Apparently someone contacted the newspaper in question to say that a young girl resembling the child in the photo, and who is named Alice, goes to Oakfield Community School.
Mr Keen is now asking me to confirm that this is so.
As you may or may not know we have three girls here whose first name is Alice. And they’re all aged either twelve or thirteen.
However, you’ll note that your own daughter does look quite similar to the artist’s impression, which I’m sure is simply a bizarre coincidence.
I haven’t yet responded to Mr Keen because I’m reluctant to provide him with personal details about you and your daughter without your permission. But having thought it through I believe that given the nature of the enquiry it would be best if you contacted him directly yourself. You can then explain that despite the similarity between your daughter and the girl in the photo, they are not one and the same.
Mr Keen’s email address and phone numbers are below, and if you want to chat to me about this matter then don’t hesitate to call.
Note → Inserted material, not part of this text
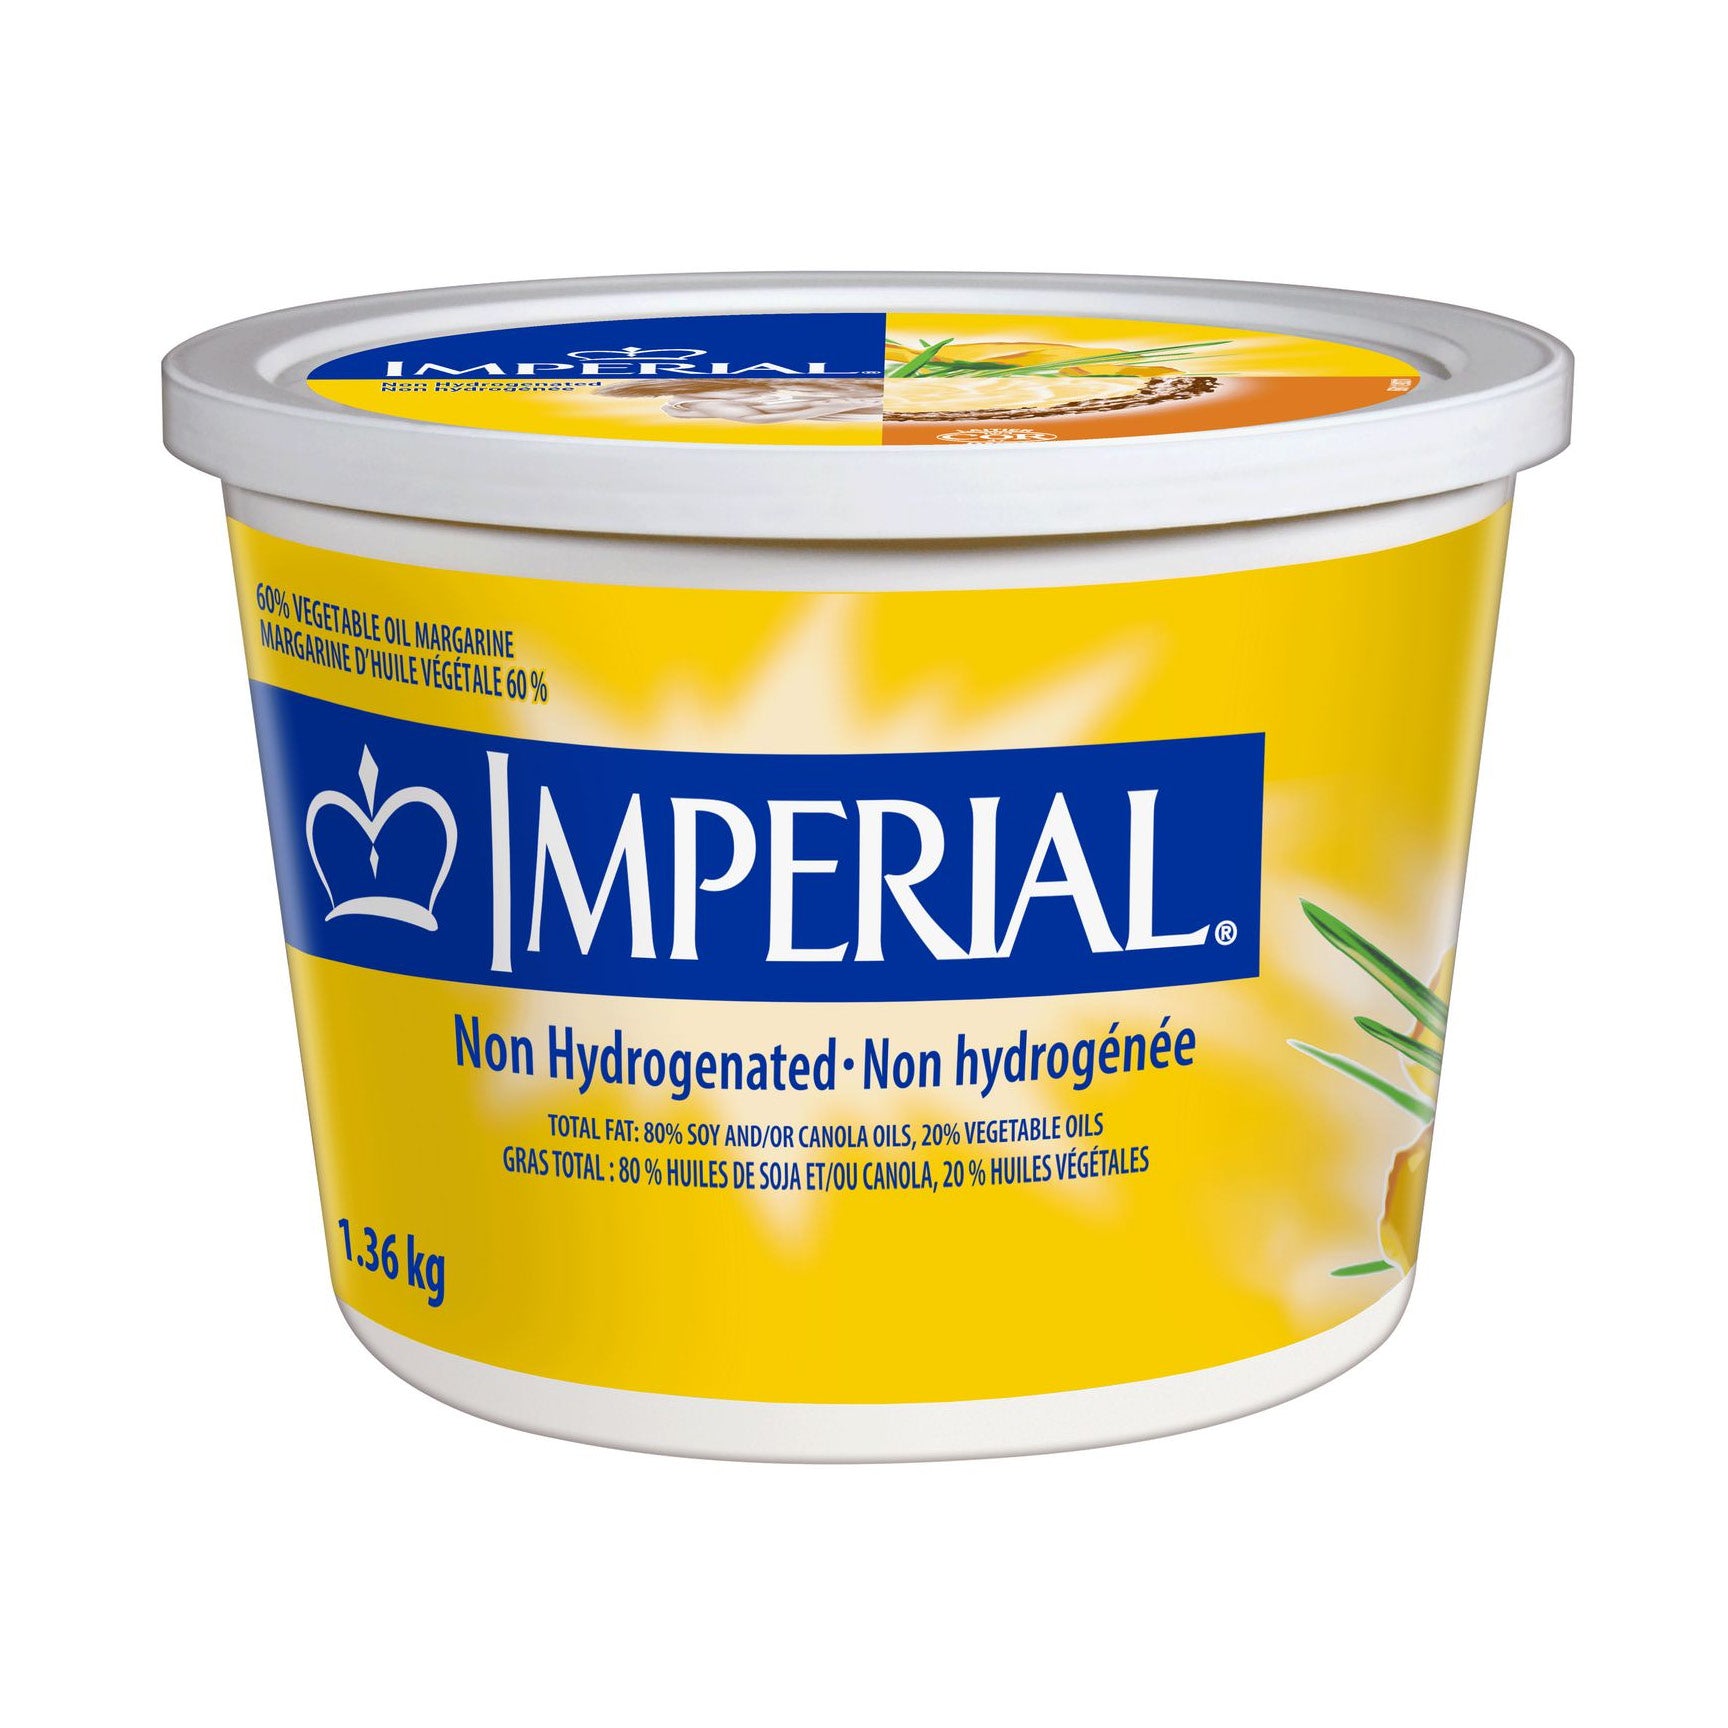 Becel Margarine Tub, 1.22kg

Sophie’s reply had been short and to the point.
No problem, Mrs Holland. I’ll get in touch with Mr Keen asap and tell him he’s quite welcome to come and visit my Alice so that he can see for himself that she’s not the girl he’s looking for.
Sophie was well aware that all she had done was buy herself a little time. She had no intention of contacting the investigator, but when he didn’t hear from her he was bound to call Mrs Holland again, or maybe even turn up unannounced at the school to see if he could spot Alice himself.